We add annotation to the endpoints. It might be that the necessary name can be replaced by them.

jdef commented 9 years ago

replacing name with something that we cook up is probably going to break kube-proxy

sttts commented 9 years ago

Still wondering why the error happens only with the mesos endpoint controller. The name constraint should always apply.

sttts commented 9 years ago

I think I know: with non-Mesos setups the ports are all equal => len(ss.Ports)>1 is never true. For Mesos it is.

jdef commented 9 years ago

correct

sttts commented 9 years ago

sttts [21:43] I guess it would be enough if validateEndpointSubsets would check for len(ss.Ports)>1 && len(service.Ports)>1

sttts [21:47] but of course we don’t know the service at that position

sttts [21:50] @jdef: what about using distinct endpoint subsets for each port of a service?

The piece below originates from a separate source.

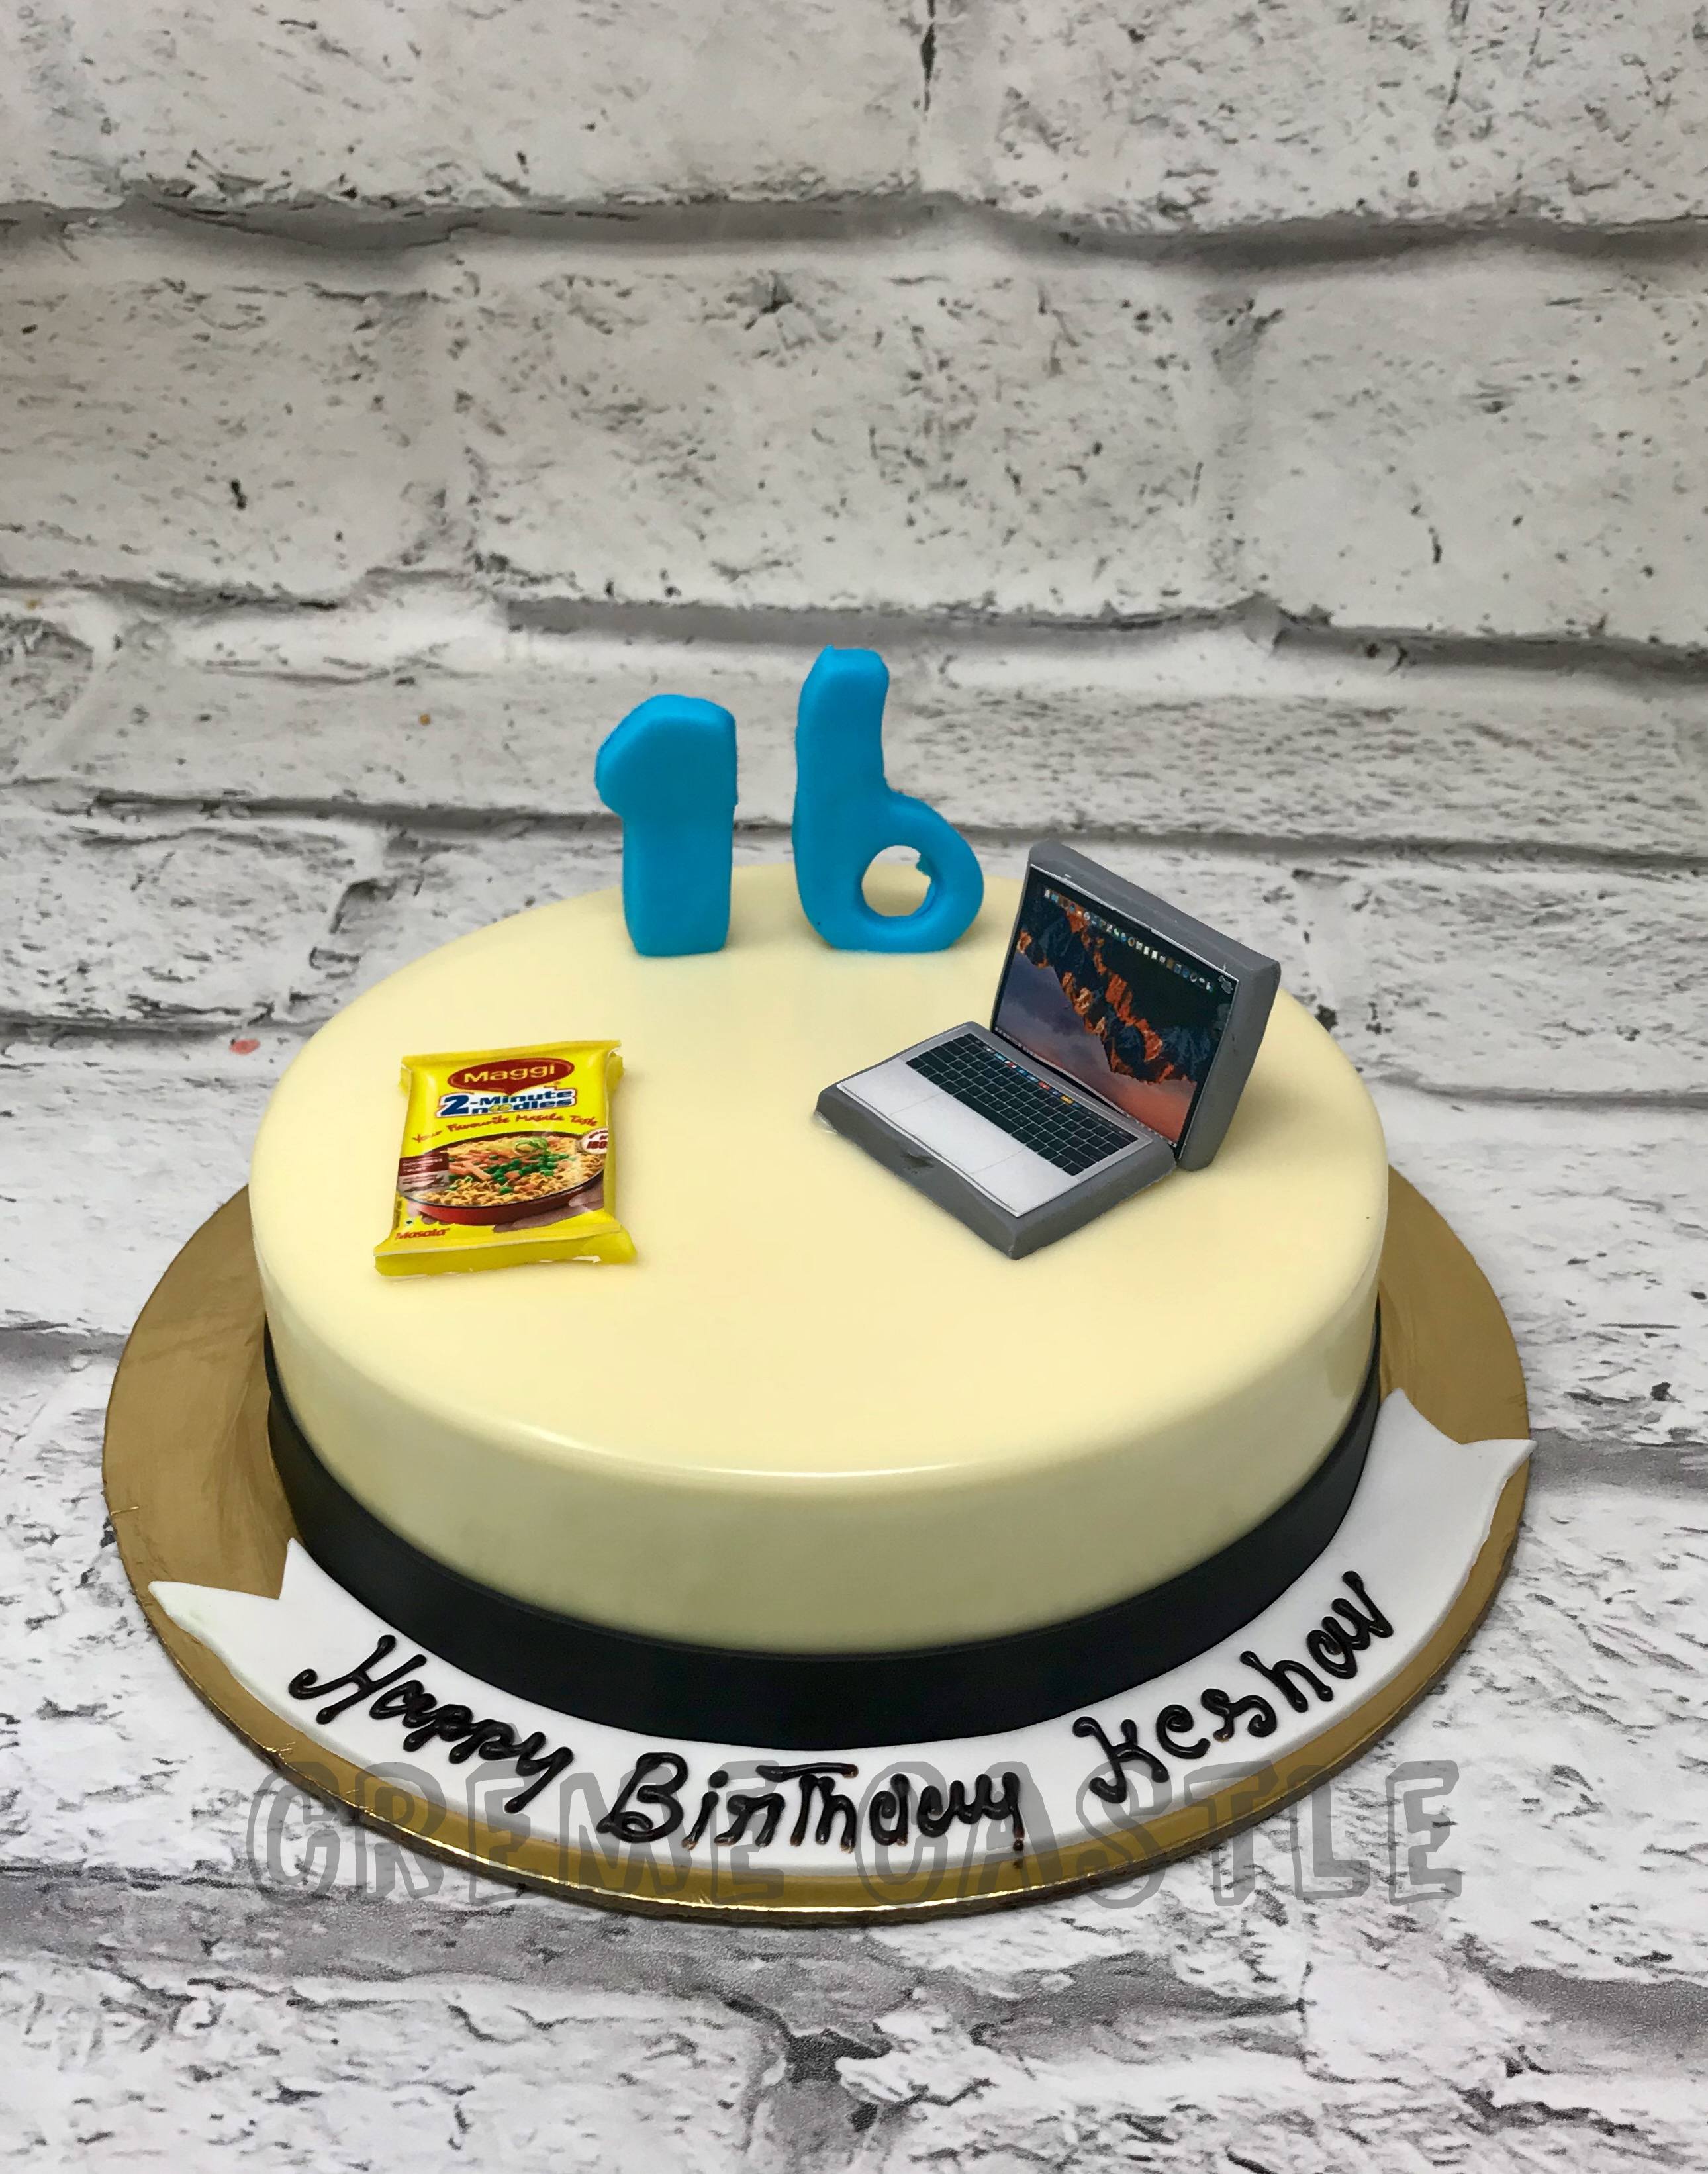 كيك مبرمج Computer engineer cake - مخابز وحلويات افندينا - المحل الاول  والافضل في السعوديه للحلويات
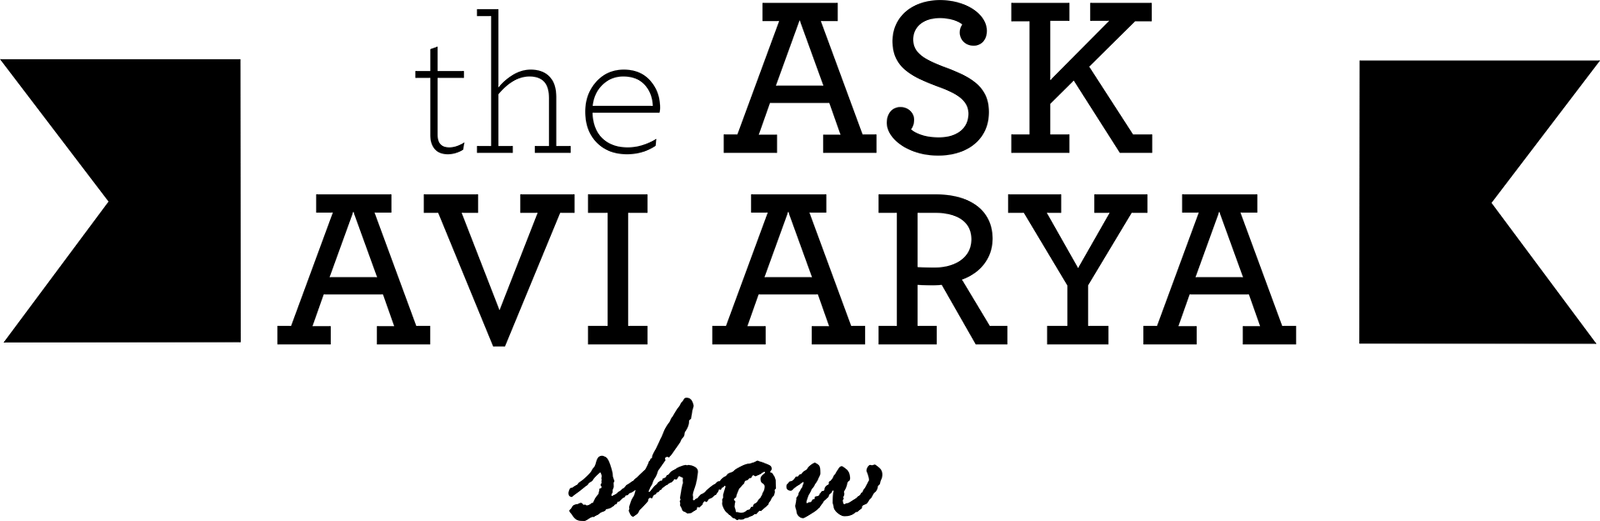 AAA-Logo-BALCK-1

sttts [21:53] wondering what happens if you have two services without service port names which apply to a number of pods. should be the same issue.

sttts [21:55] I think that’s the point: different services lead to different endpoint subsets

jdef commented 9 years ago

this is the commit that introduced it: https://github.com/kubernetes/kubernetes/commit/c20efb6bae5e7e5ca685d7d1475e73e14e80ac6e

it looks like the unit test is checking for a mix of endpoint ports, some of which have names and others that don't (see Multiple ports, one without name). I think I see where the author was going: don't allow a mix of named and unnamed things.

I think the resulting validation implementation is too aggressive. Instead perhaps it could take care to validate the following cases:

  1. none of the endpoint ports in the subset are named
  2. all of the endpoint ports in the subset are named (the same)

Thoughts?